━━━ Dataset records
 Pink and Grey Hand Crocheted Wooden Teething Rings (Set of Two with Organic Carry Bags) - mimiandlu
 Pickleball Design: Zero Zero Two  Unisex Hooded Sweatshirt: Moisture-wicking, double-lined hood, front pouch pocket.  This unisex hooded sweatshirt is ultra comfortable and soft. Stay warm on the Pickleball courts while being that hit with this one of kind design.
━━━━━━
━━━ Dataset records
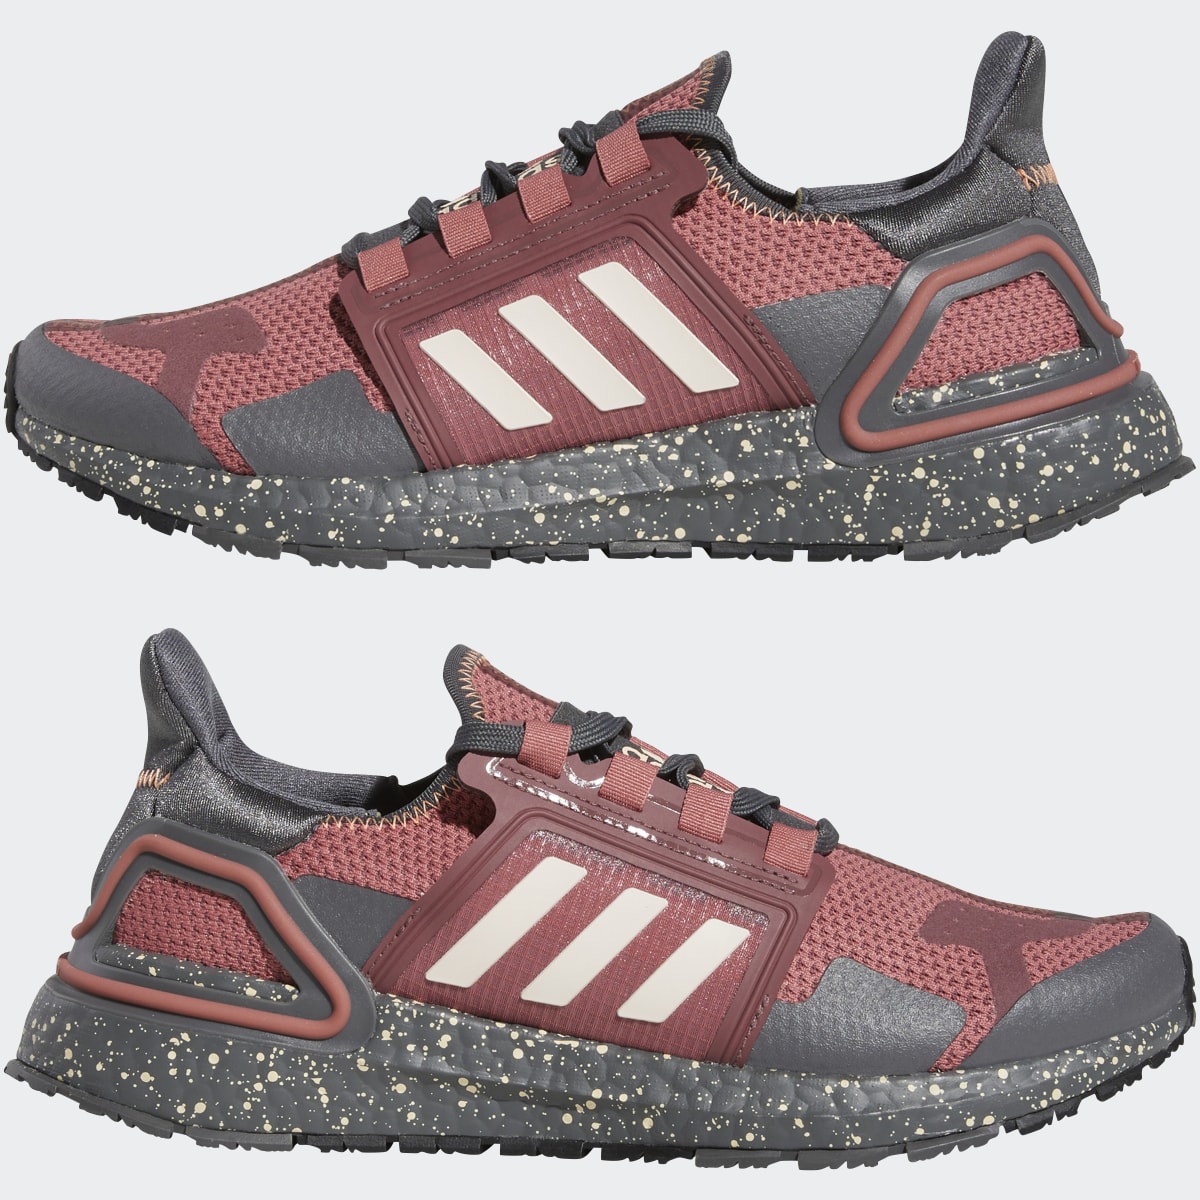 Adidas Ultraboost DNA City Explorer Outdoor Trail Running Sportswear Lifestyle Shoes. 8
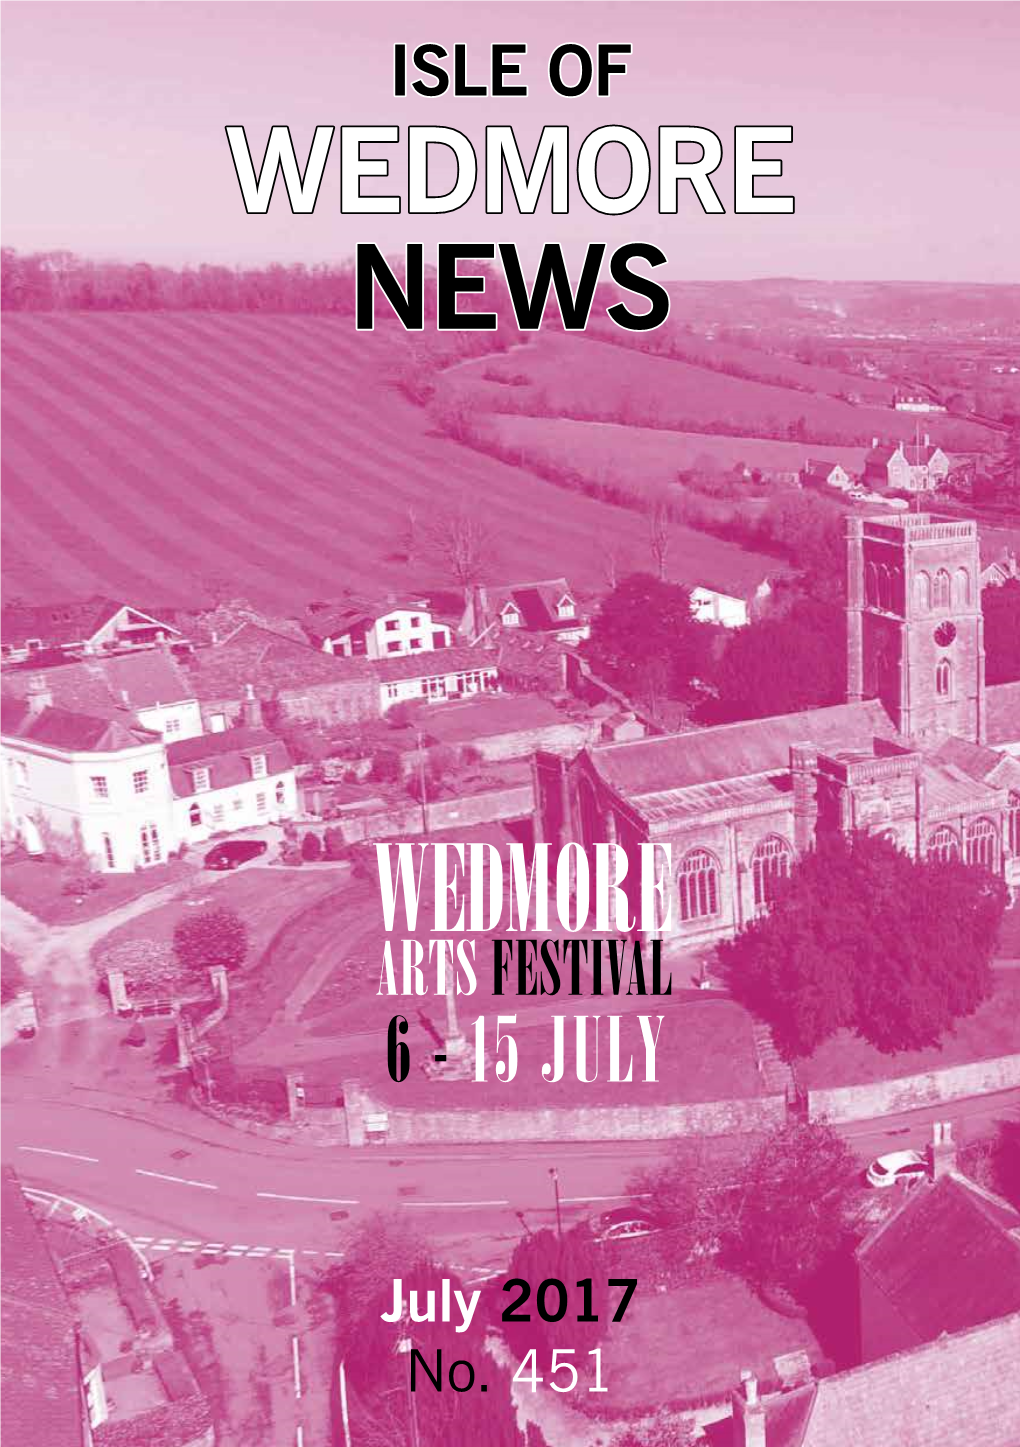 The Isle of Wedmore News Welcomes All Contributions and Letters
━━━━━━
━━━ Dataset records
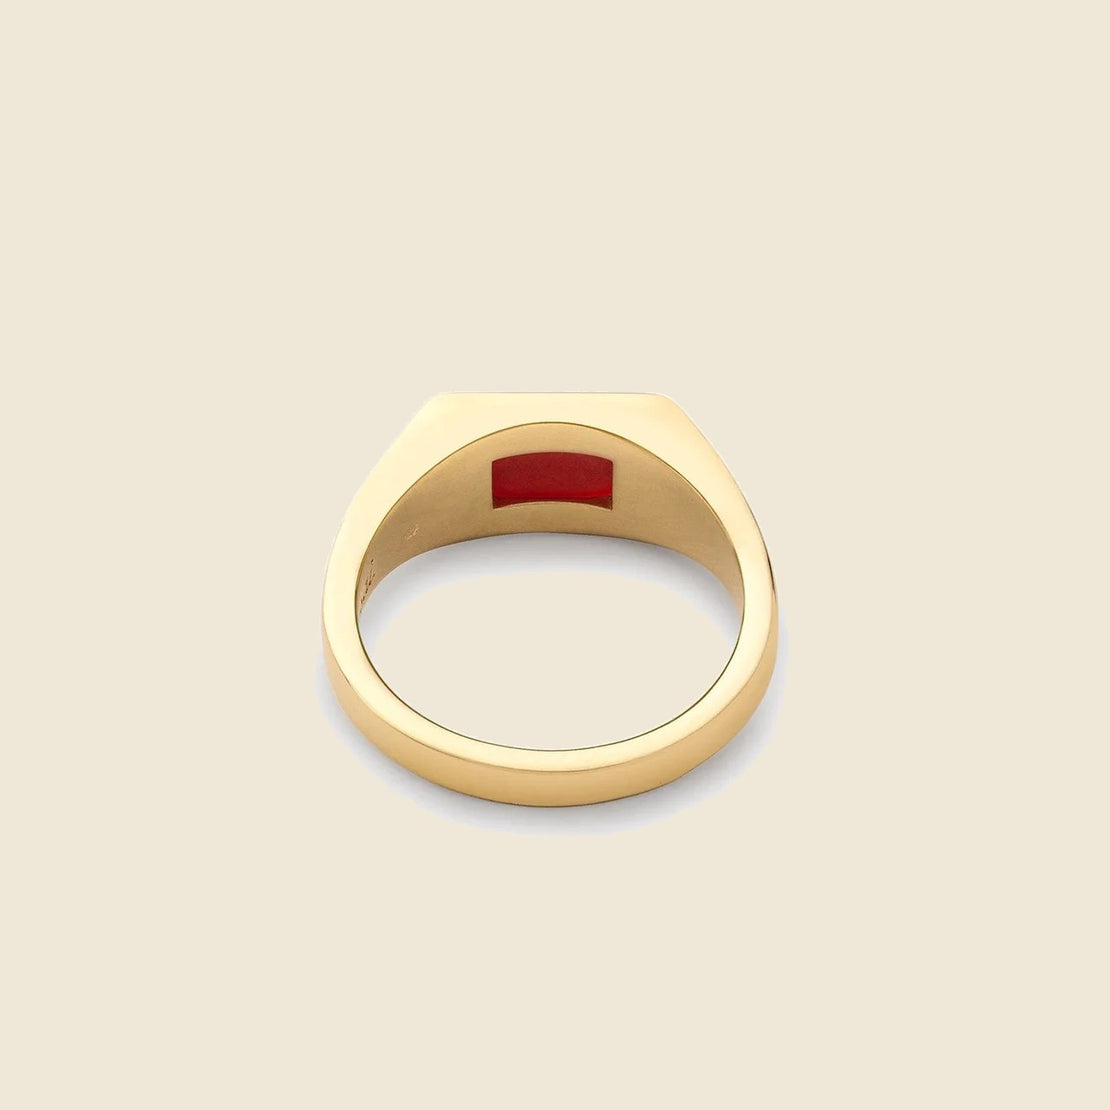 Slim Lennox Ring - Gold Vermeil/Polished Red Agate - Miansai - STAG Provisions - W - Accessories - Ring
━━━━━━
*Problem description:*
Keep to the stretch from the line containing "Adidas Ultraboost DNA" through the line containing "The Isle of", both ends included, and copy it exactly from the listing above, minus the pictures.

*Completed exercise:*
 Adidas Ultraboost DNA City Explorer Outdoor Trail Running Sportswear Lifestyle Shoes. 8
 The Isle of Wedmore News Welcomes All Contributions and Letters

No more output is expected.